• EXERCISE DIRECTIONS: Your output consists solely of the lines from the one that contains "parts list r" to the end of the material, each reproduced exactly; pictures do not belong in it.
[[ DATA SHOWN, beginning ]]
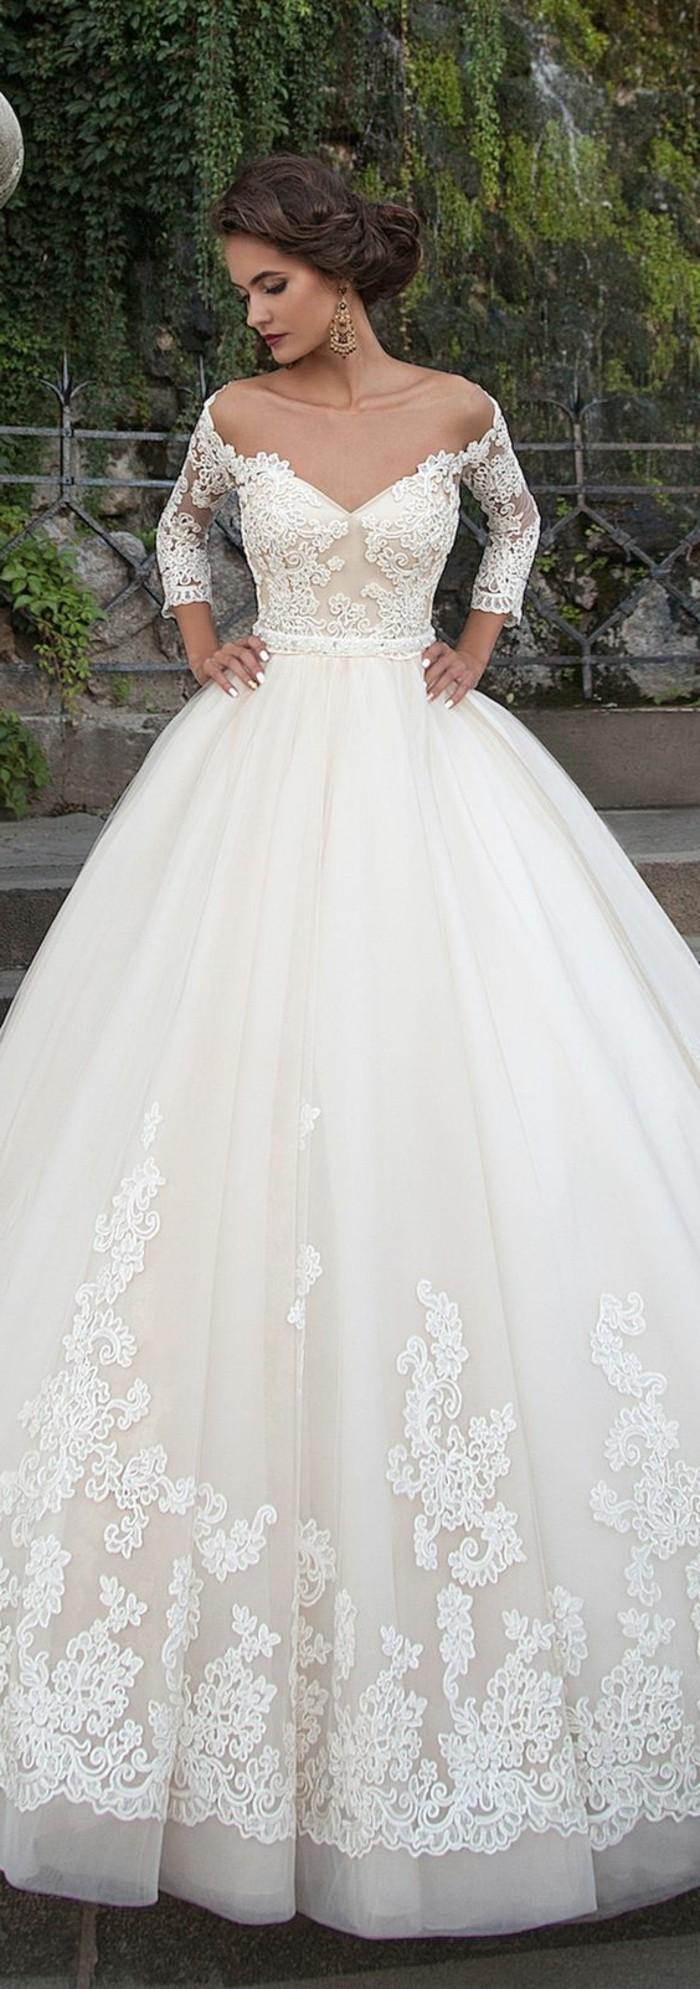 robe-mariee-dentelle-robe-du-mariage-noble-beaute-princesse-robe
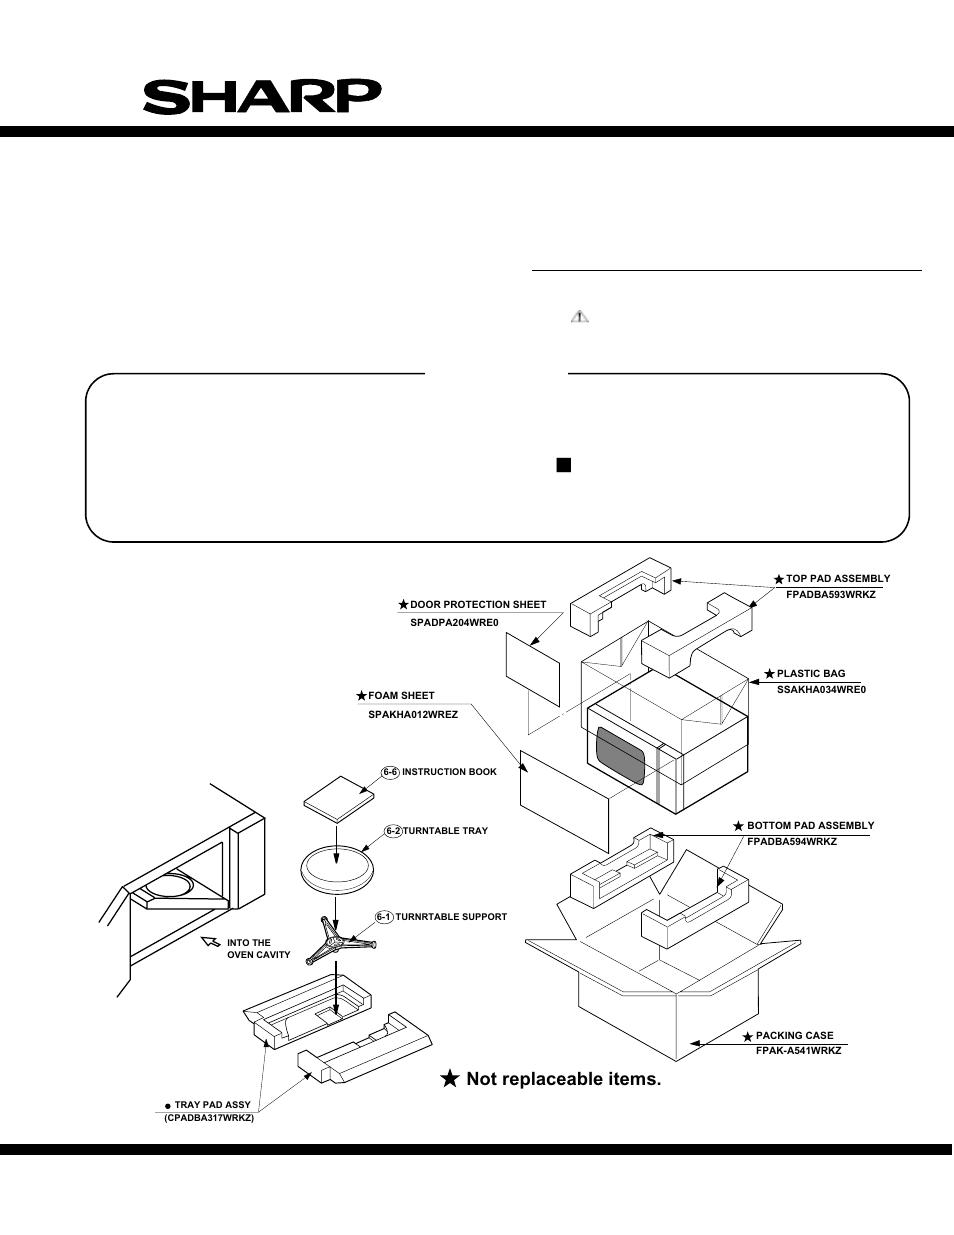 parts list r 305ks microwave oven sharp carousel r 305ks user rh manualsdir com Sharp ER-A170 sharp carousel microwave r-305ks manual
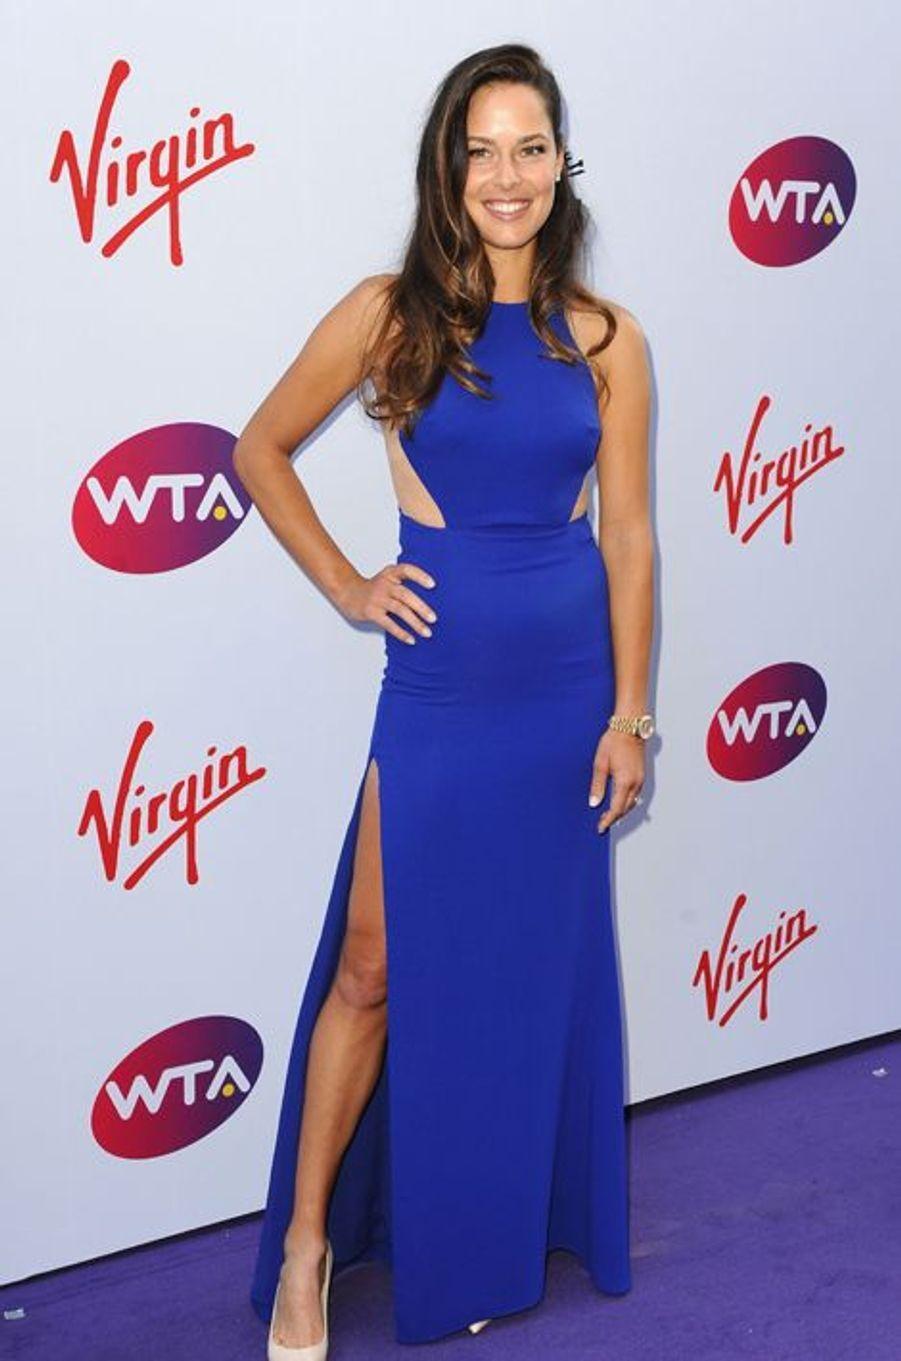 La joueuse serbe Ana Ivanović
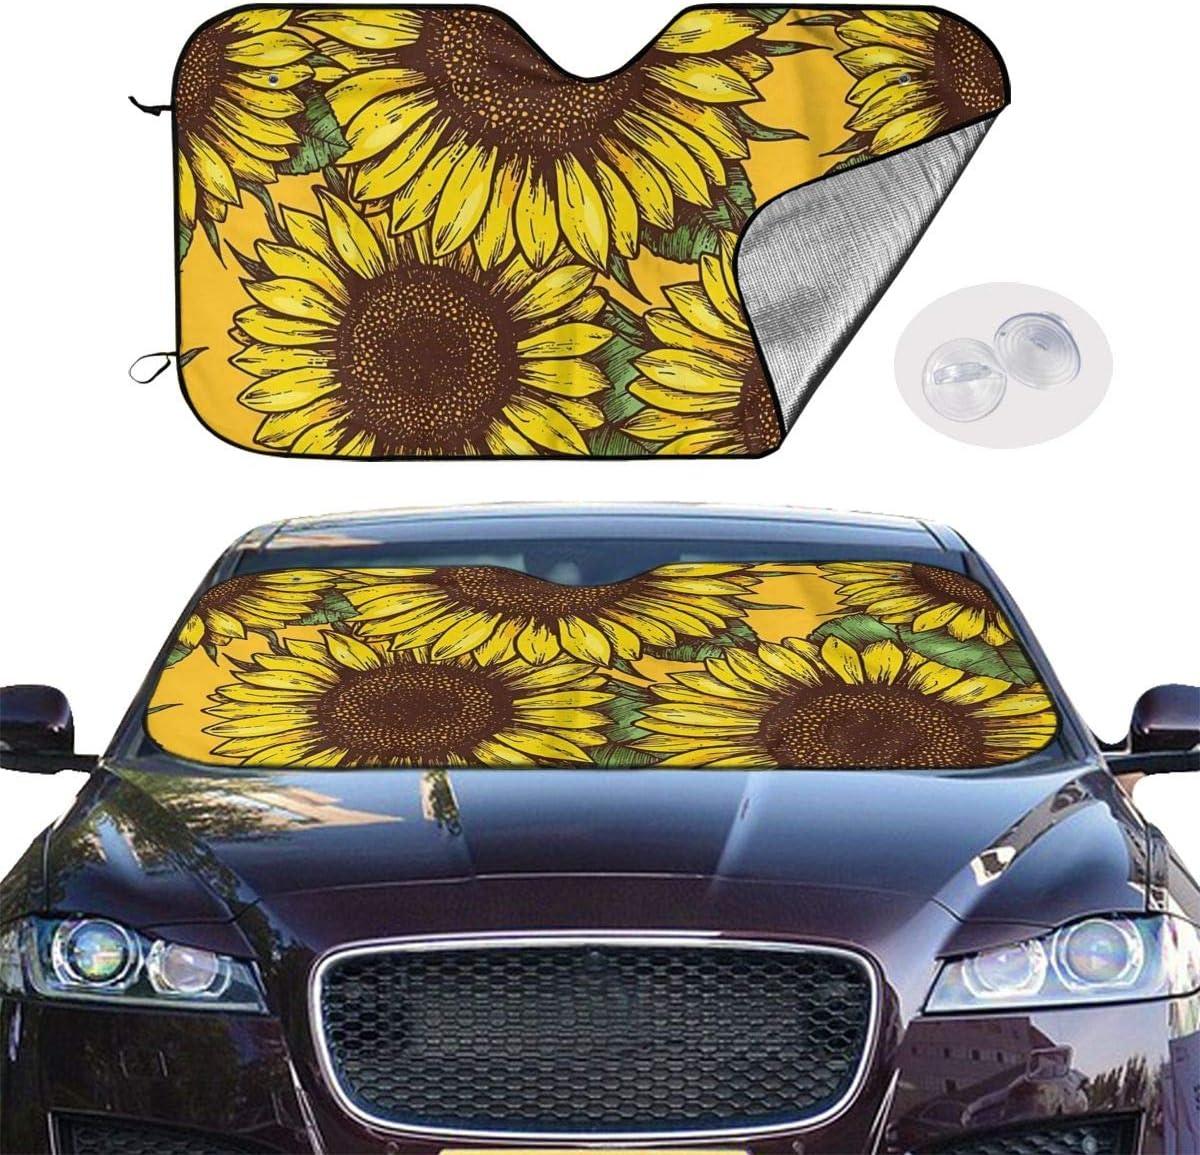 antfeagor Sunflower Light Car Windshield Sun Shade,Front Auto Car Windshield Sun Shade,Keep Vehicle Cool Protect Your Car from Sun Heat//Blocks Uv Rays
[[ DATA SHOWN, end ]]
• SOLUTION BELOW:
 parts list r 305ks microwave oven sharp carousel r 305ks user rh manualsdir com Sharp ER-A170 sharp carousel microwave r-305ks manual
 La joueuse serbe Ana Ivanović
 antfeagor Sunflower Light Car Windshield Sun Shade,Front Auto Car Windshield Sun Shade,Keep Vehicle Cool Protect Your Car from Sun Heat//Blocks Uv Rays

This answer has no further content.